All that said, I think Ngannou-Jones would be the biggest non-McGregor fight of 2021. It would be a travesty if it doesn’t happen this year.


Real or Not: Demetrious Johnson’s days among the MMA elite are over

Wagenheim: I suppose it’s only fair that I get my nose rubbed in this one. I’m the only voter who steadfastly (my word) or stubbornly (my colleagues’ word) has kept Johnson in the ESPN pound-for-pound top 10 in his post-UFC days. But I don’t feel shamed. Judging by his résumé leading up until last Wednesday night’s One Championship title fight loss, “Mighty Mouse” was one of the top 10 fighters on the planet. Is he still? No, next time there’s a P4P vote, he will be unranked.

Can Johnson earn his spot back? That’s going to be tough. It’s not that he’s suddenly something less than a sublime fighter. He failed to dethrone flyweight champ Adriano Moraes, but he didn’t exactly look like a shadow of himself. He just got KO’d. It happens. DJ could very well put on a master class in his next performance. But here’s his problem: That masterpiece would be seen by relatively few MMA fans in the U.S., and even fewer would recognize the man across the cage from him.

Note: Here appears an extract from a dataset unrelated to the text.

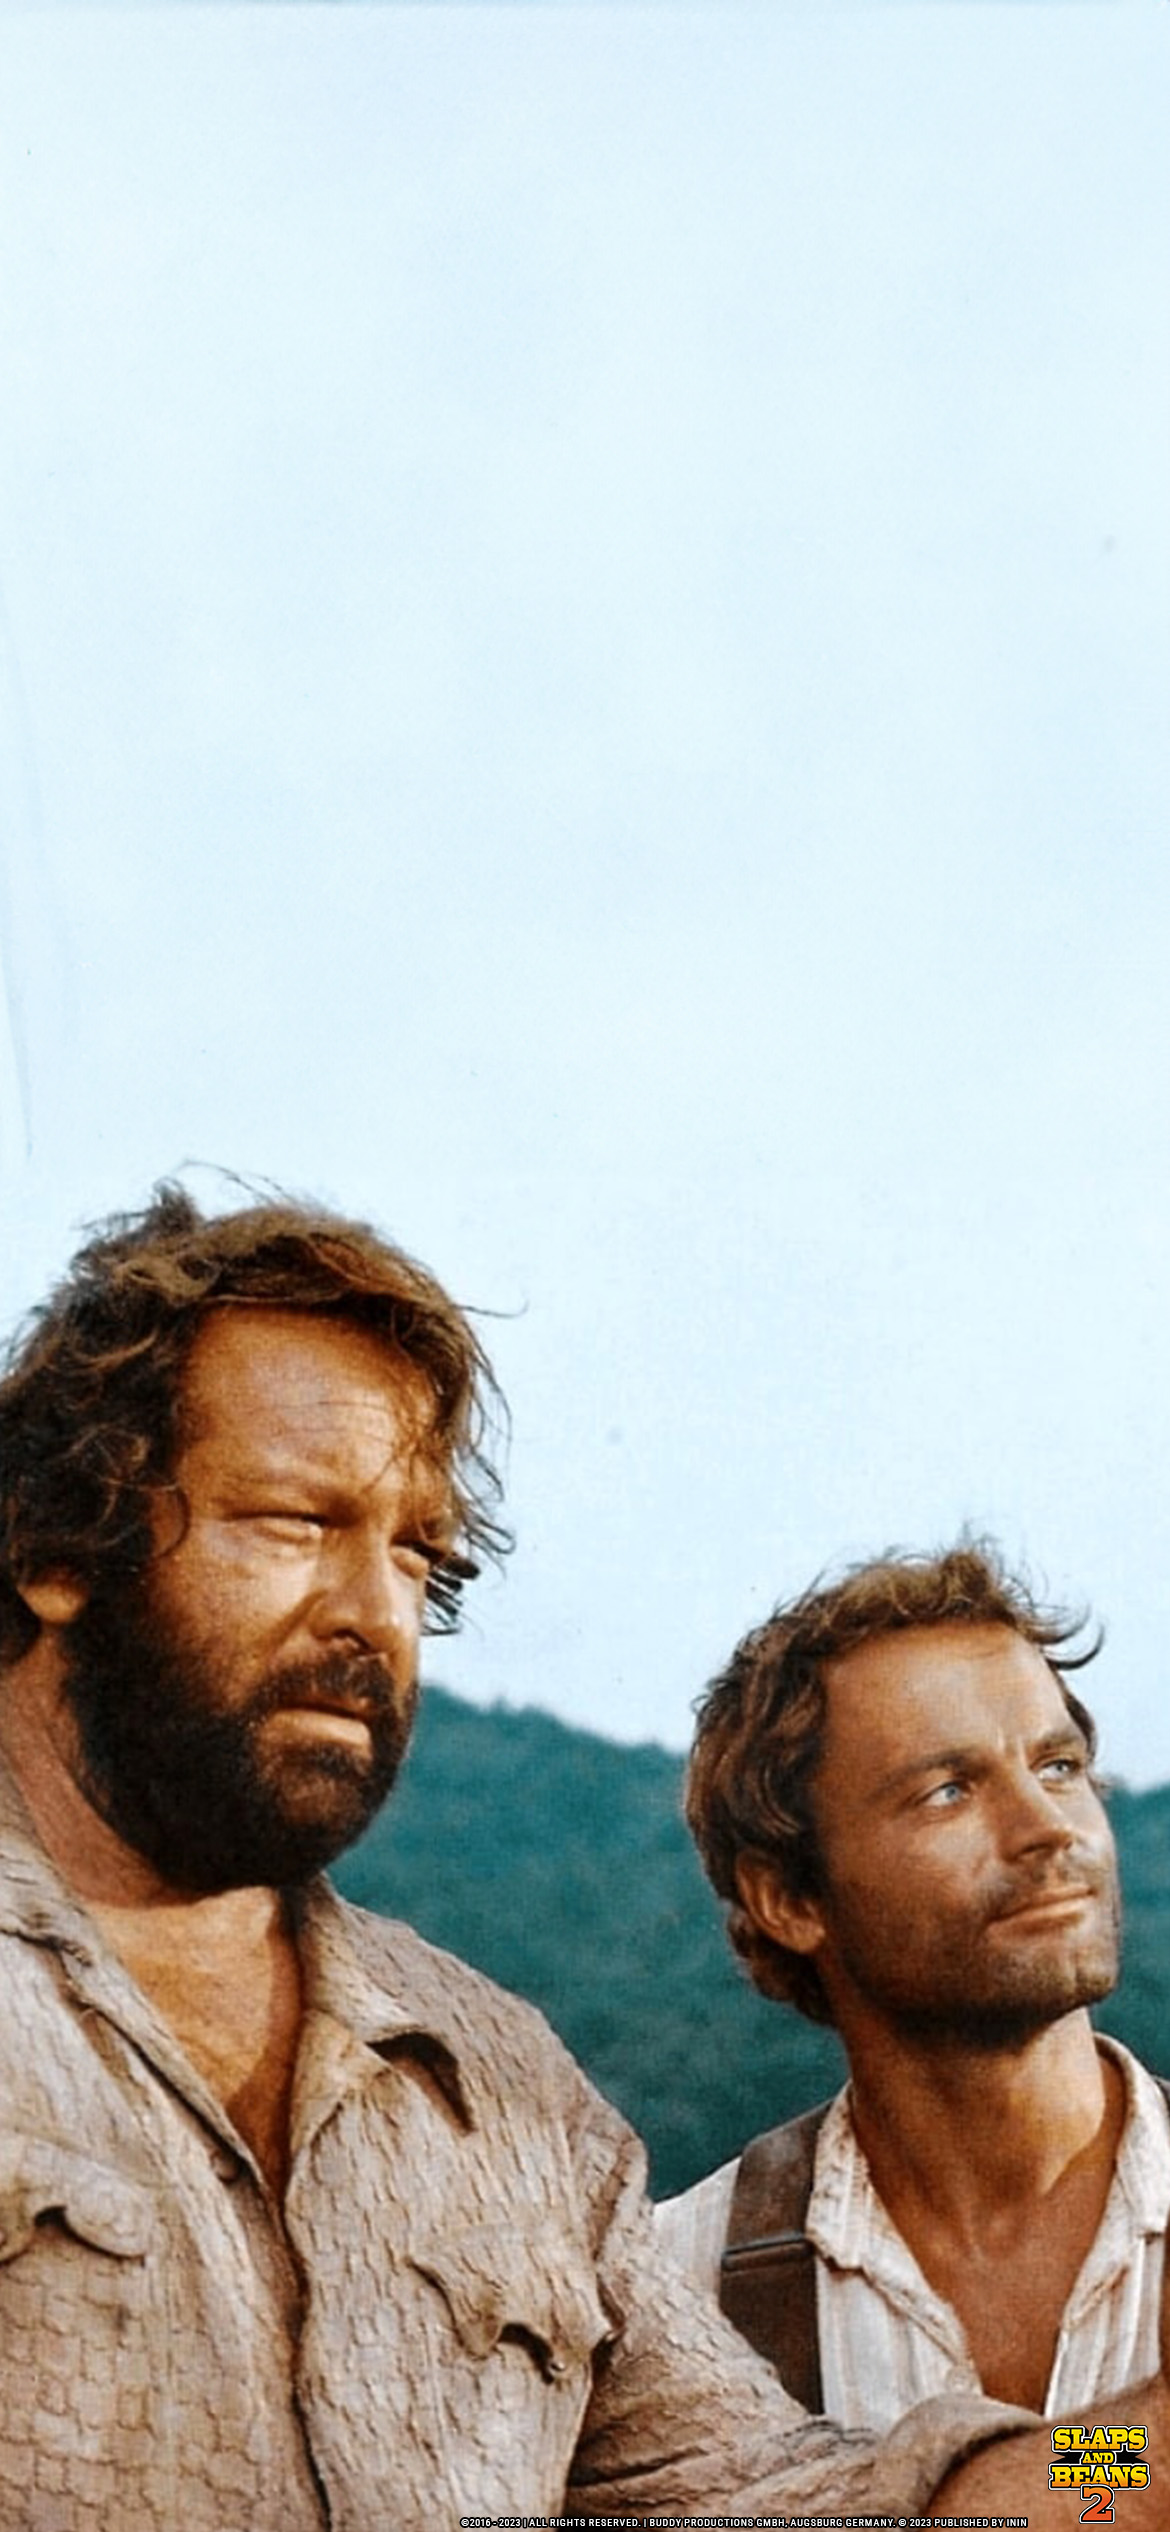 Bud Spencer & Terence Hill - Slaps Beans and 2

Fighting outside the UFC spotlight is an uphill battle for recognition. ESPN’s rankings are filled with mostly UFC names because that’s the promotion with the deepest roster of elite fighters, true, but also because the UFC puts on its own master class in nurturing an aura of supremacy. So while I’m not yet ready to declare that Johnson, at age 34, will never again resemble the all-time great who reeled off a record 11 UFC flyweight title defenses, I do believe it’s very much real that the perception of Johnson being among the elite is a thing of the past.